The study of Bose-Einstein condensation has undergone a remarkable expansion during the last twenty years. Observations of this phenomenon have been reported in a number of diverse atomic, optical, and condensed matter systems, facilitated by remarkable experimental advances. The synergy of experimental and theoretical work in this broad research area is unique, leading to the establishment of Bose-Einstein condensation as a universal interdisciplinary area of modern physics. This chapter reviews the broad expansion of Bose-Einstein condensation physics in the past two decades.

Introduction

The field of Bose-Einstein condensation (BEC) has undergone an explosive expansion during the past twenty years. Newcomers to this field are now often introduced to this as a universal phenomenon, which nonetheless exhibits diverse (and sometimes strikingly different) manifestations. Despite such differences, the common underlying theme creates a unique identity across many different energy and length scales.

The study of BEC as a universal phenomenon was highlighted in a focused conference in 1993, leading to the publication of the well-known “green book” [1], which surveyed the breadth of the field of condensate physics at that time. The success of the conference led to a second meeting in 1995, at which Eric Cornell and Carl Wieman announced the achievement of Bose-Einstein condensation of ultracold 87Rb atoms in a harmonic trap.
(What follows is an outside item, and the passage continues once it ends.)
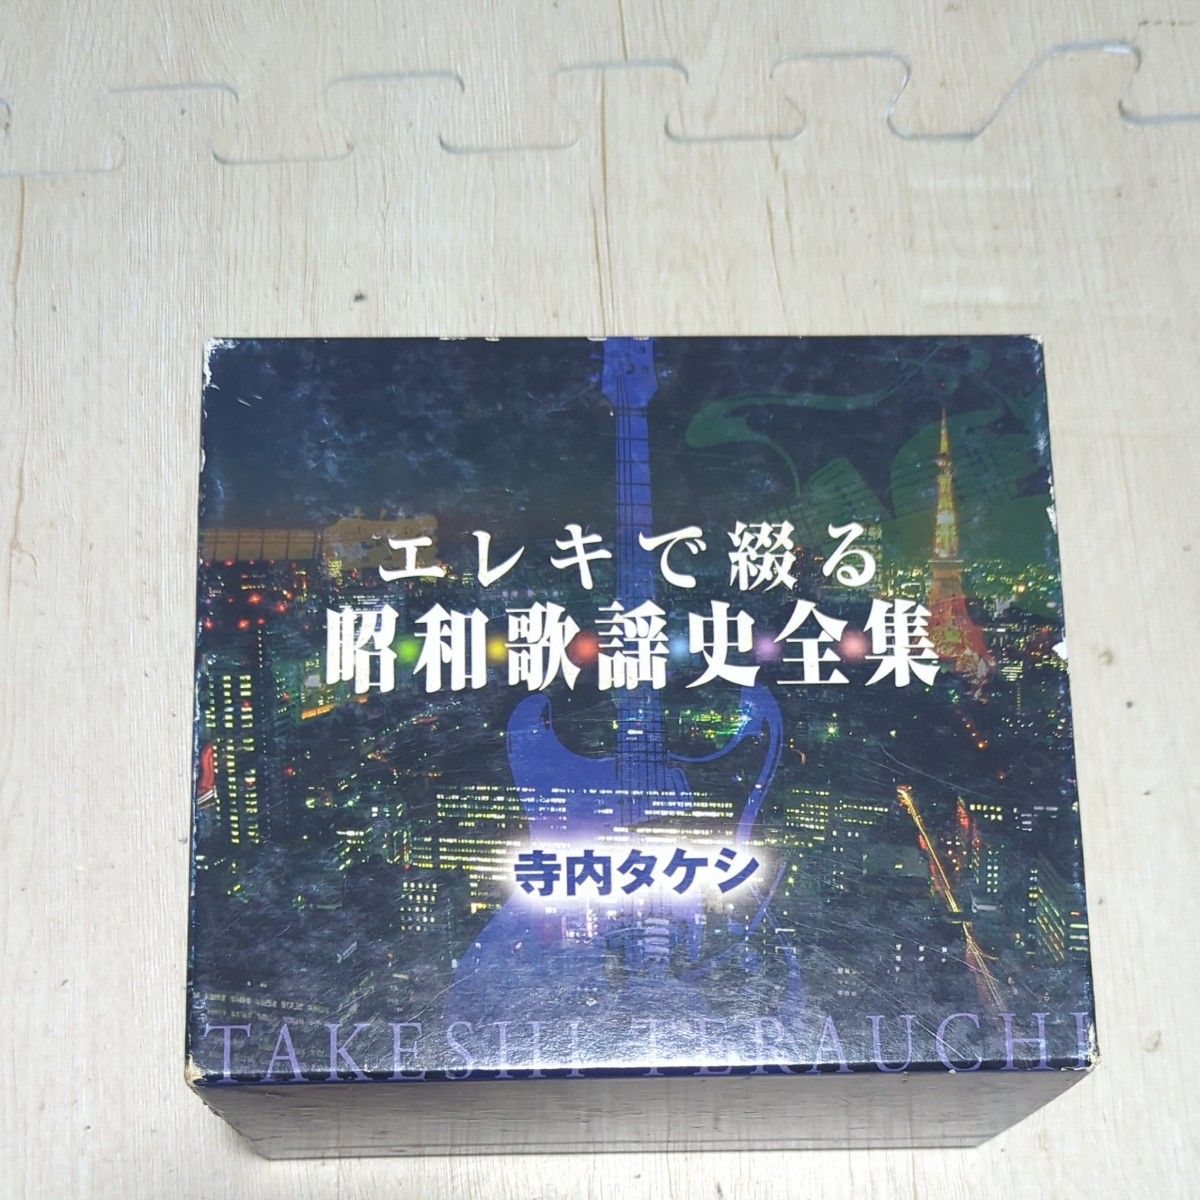 ■7枚組■ エレキで綴る 昭和歌謡史全集

That work began an explosion of new research in the field of cold atoms, which has continued to this day, and this very success inevitably led many of those studying cold atoms to pay less attention to other types of condensates. Wolfgang Ketterle gives a historical overview of this exciting period of time in Chapter 3. Recently, various scientific meetings have worked to re-establish the physical connections across different BEC systems, and in 2013 a workshop was held with the focused goal of improving communications across disciplines. This present book is an outgrowth of that meeting.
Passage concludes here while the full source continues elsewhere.